Hi, after reading the documentations at Welcome to the TileDB Docs! - TileDB Docs, I find TILEDB a great alternative database. I am attracted to the multi-dimensional database structure and it is more suitable for data science workflow. I hope to use TILEDB in the future. I am using R interface tiledb
by Dirk Eddelbuettel. Thank you for the great work.
Below is my reproducible codes. I want to write typical dataset containing typical database dimensions used for slicing.

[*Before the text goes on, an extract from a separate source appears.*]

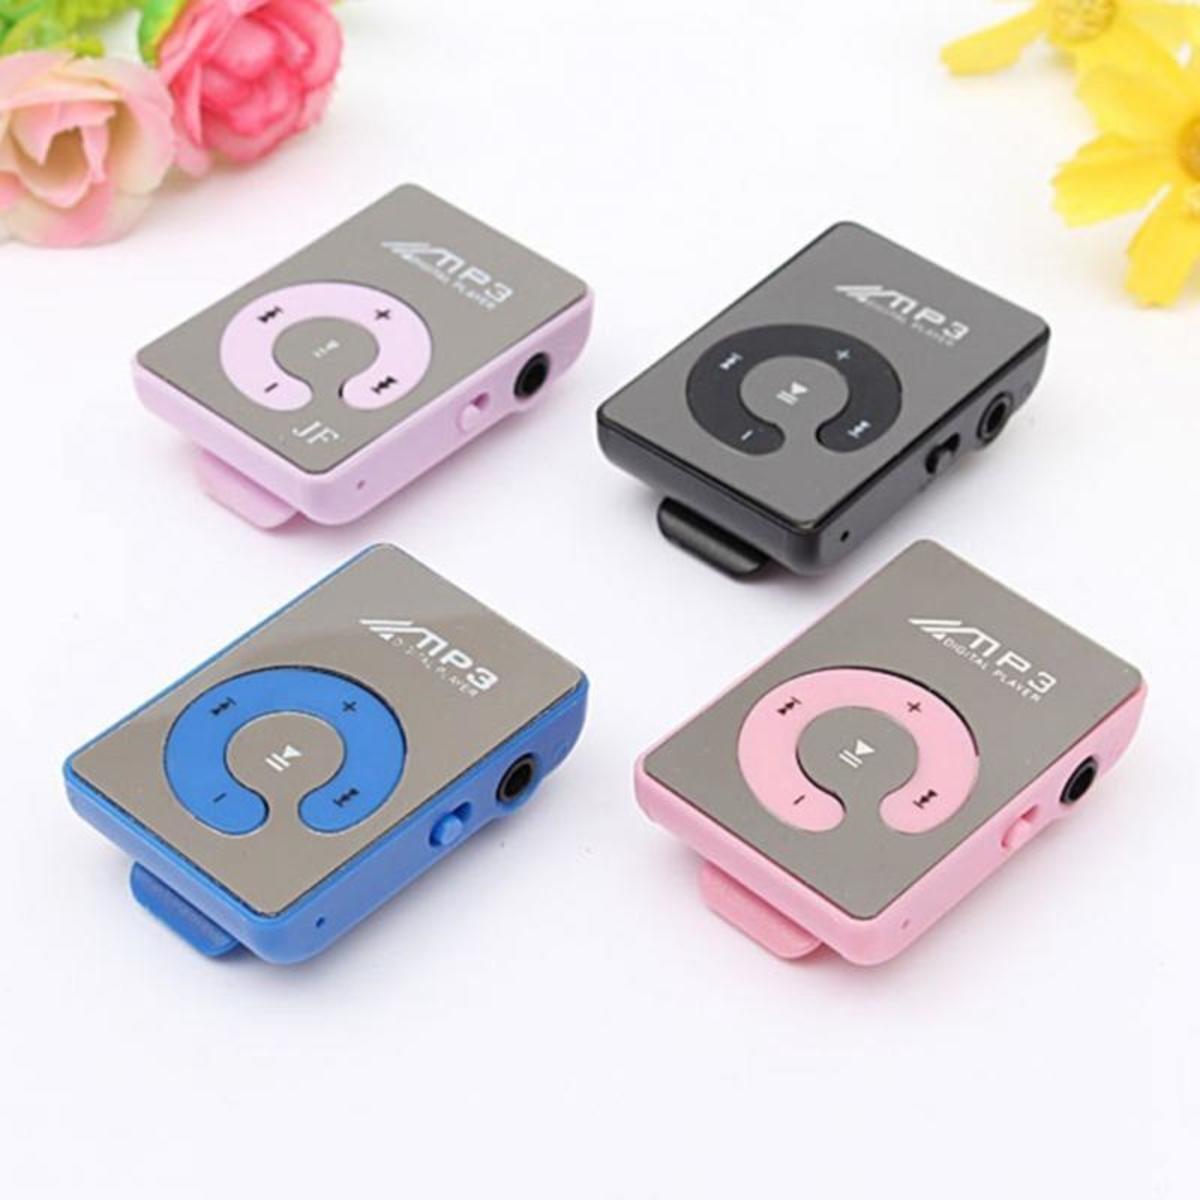 Upgraded mini-clip music players.

My dimensions include ID (ie customer ID) and dates (day, without time components). For dates, I want to use data.table::as.IDate
, date and time classes with integer storage for fast sorting and grouping.
I tried using TILEDB for my real database but I quickly ran out of memory and ran into error Error in libtiledb_query_buffer_alloc_ptr(arrptr, type, resrv, nullable) : std::bad_alloc
. So below I reproduce a simplified, simulated real dataset and did quick comparison with data.table::fread
for CSV. data.table::fread
didn’t have issue at all for reading and writing, indeed it is very fast. But TILEDB is much slower and ran out of memory. I then used as.Date()
for class Date
and similar performance and out of memory issues persist. I am not sure which part I did wrong.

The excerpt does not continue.